NDF Clearing Mandate Settling In on Back Burner

March 23, 2015

NDF clearing mandate is off the table, for now; clearing for currency options even further out.

money collectionConfronted with continued delays in mandated non-deliverable forward clearing in Europe, the US Commodity Futures Trading Commission has turned its attention away from the Dodd-Frank Act’s NDF clearing mandate, which means that the swap execution facility (SEF) trading mandate for NDFs is also delayed (see related story here).

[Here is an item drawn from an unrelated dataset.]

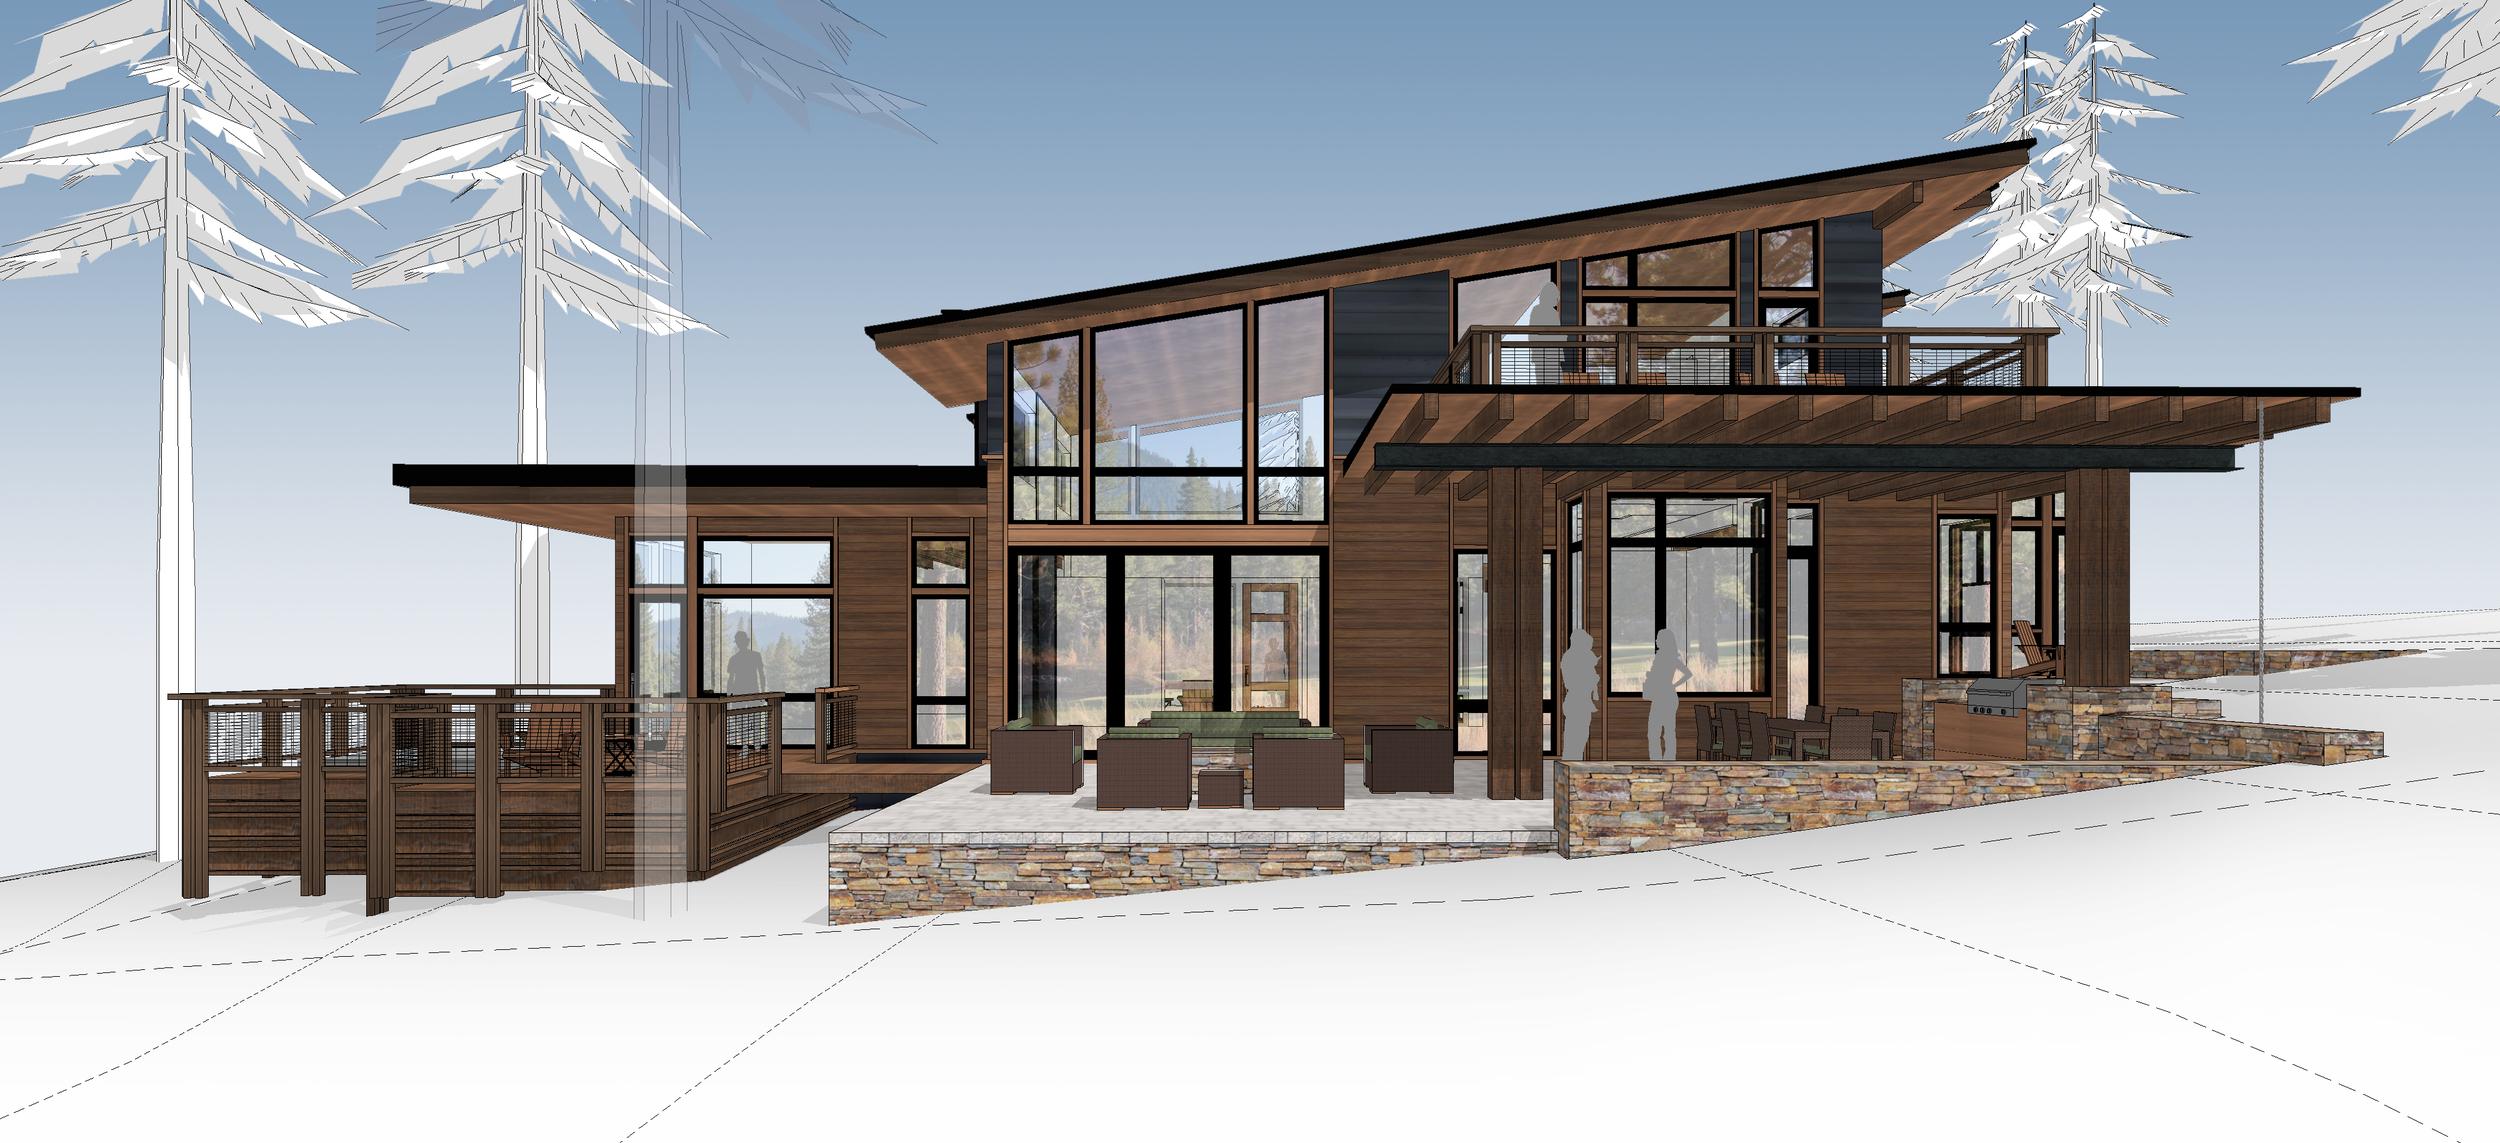 Contractor: Joe Lamperti   Square Footage: 4,370 sf bedrooms: 5 bathrooms: 5.5
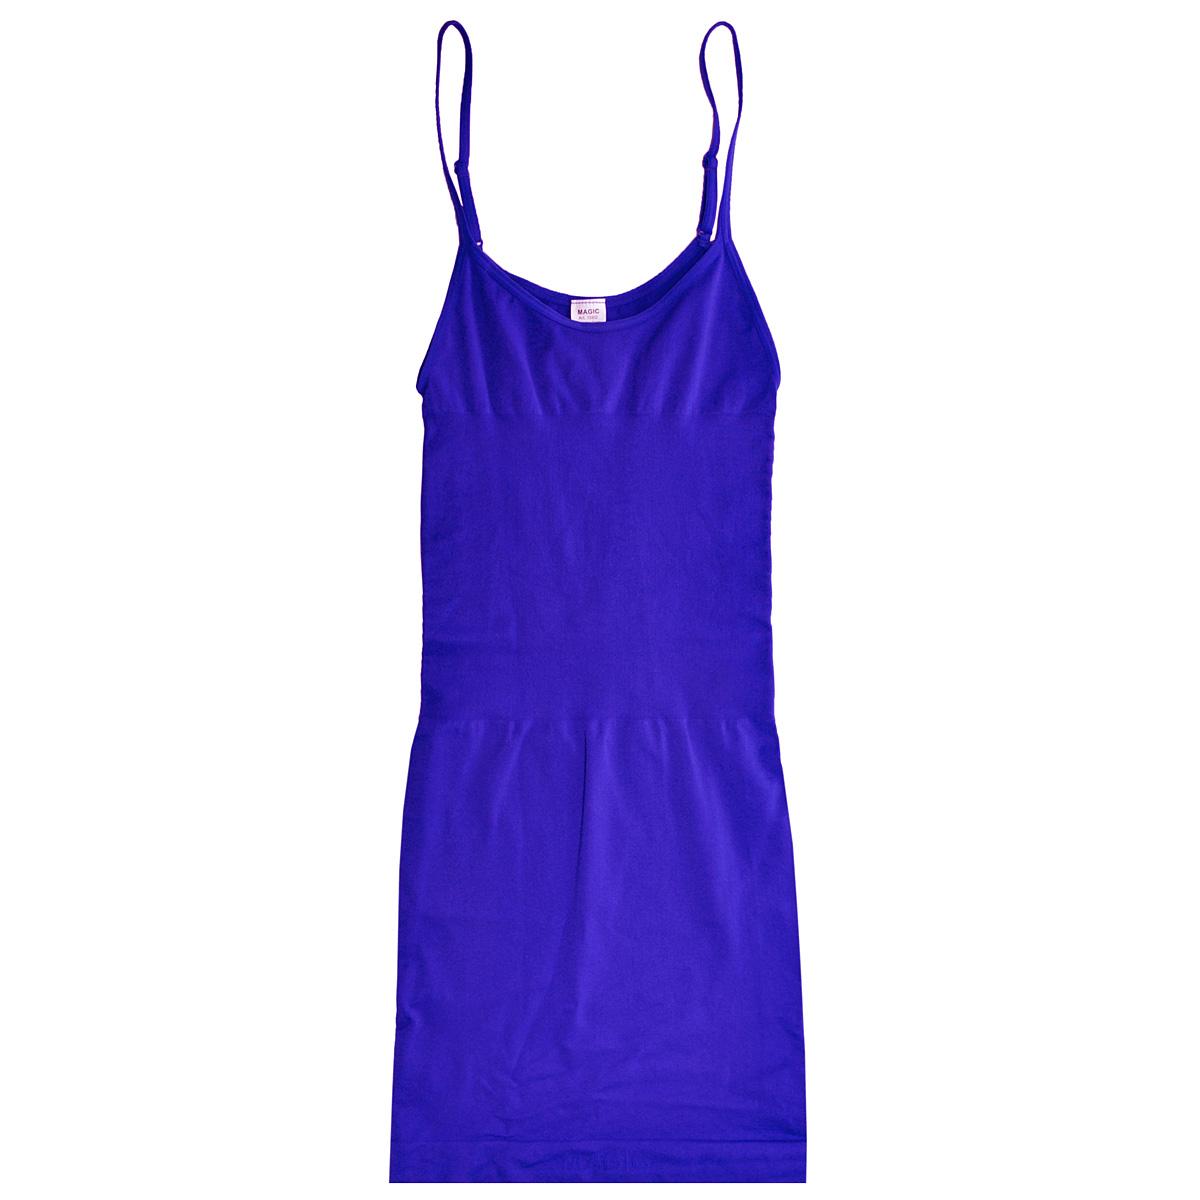 Платье Magic BodyFashion Seamless Dress, корректирующее, цвет: синий. 15BD. Размер S (44)15BDБесшовное корректирующее платье Magic BodyFashion Seamless Dress на тонких регулируемых бретелях очень удобное и комфортное в носке. Модель уменьшает живот и бедра, заметно корректирует объемы. Платье придаст вашему телу идеальные формы: сделает грудь и ягодицы подтянутыми, талию - стройной, а осанку - прямой. Функциональный покрой заметно подтягивает и моделирует фигуру, скрывая ее недостатки.Крой платья необычен, благодаря чему его невозможно заметить под любой одеждой, оно практически не ощущается на коже, позволяет чувствовать себя комфортно и легко. Изделие позволяет приобрести выразительные линии своего тела за считанные секунды (можно скрыть все лишнее и придать объем там, где необходимо).Белье Magic BodyFashion создано для тех, кто стремится к безупречности своего стиля. Именно благодаря ему огромное количество женщин чувствуют себя поистине соблазнительными, привлекательными и не на шутку уверенными в себе.

At a just completed NeuGroup FX Managers’ Peer Group (FXMPG2) winter meeting, a representative from Thomson Reuters presenting on derivatives told meeting attendees that the delay doesn’t mean the CFTC is “anti-clearing” – even though the NDF clearing mandate will “probably not” take effect in 2016 either – but rather that other items have moved up the priority list for 2015. These include:  

  • Cross-border recognition of CCPs: this is the CFTC’s new chairman Timothy Massad’s number-1 priority. Other global regulators will not give the CFTC oversight over CCPs in their jurisdictions, and requirements differ. Until cross-border recognition via “substituted compliance” is resolved, there can be no clearing mandate. 
  • Position limits: These are designed to quantify what constitutes “too much risk,” which is hard to quantify, monitor and enforce with OTC contracts which by their nature have an infinite number of different contract terms.
  • CCP risk management: the concern is that CCPs centralize risks instead of creating “safer markets.”
  • A re-write of SEF rules, e.g., how an instrument is determined to be MAT (made available for trade): this would take am minimum of one year to take effect.

Meanwhile, clearing of FX options is likely even further out: clearing FX options is “very complex” due to the workflow for expiration and delivery (that’s why they started with non-deliverables). The Thomson Reuters representative predicts 2017 “at the earliest.”

But that doesn’t mean FX managers shouldn’t stay current on what’s going on: it’s time to bone up on The Directive on markets in financial instruments or MiFID2 in Europe. The good news is that you have time to prepare to comply with this regulation, which goes into effect January 2017. The not-so-good news: it is almost as big as Dodd-Frank but rather than a phased in approach, it will take effect with a Big Bang!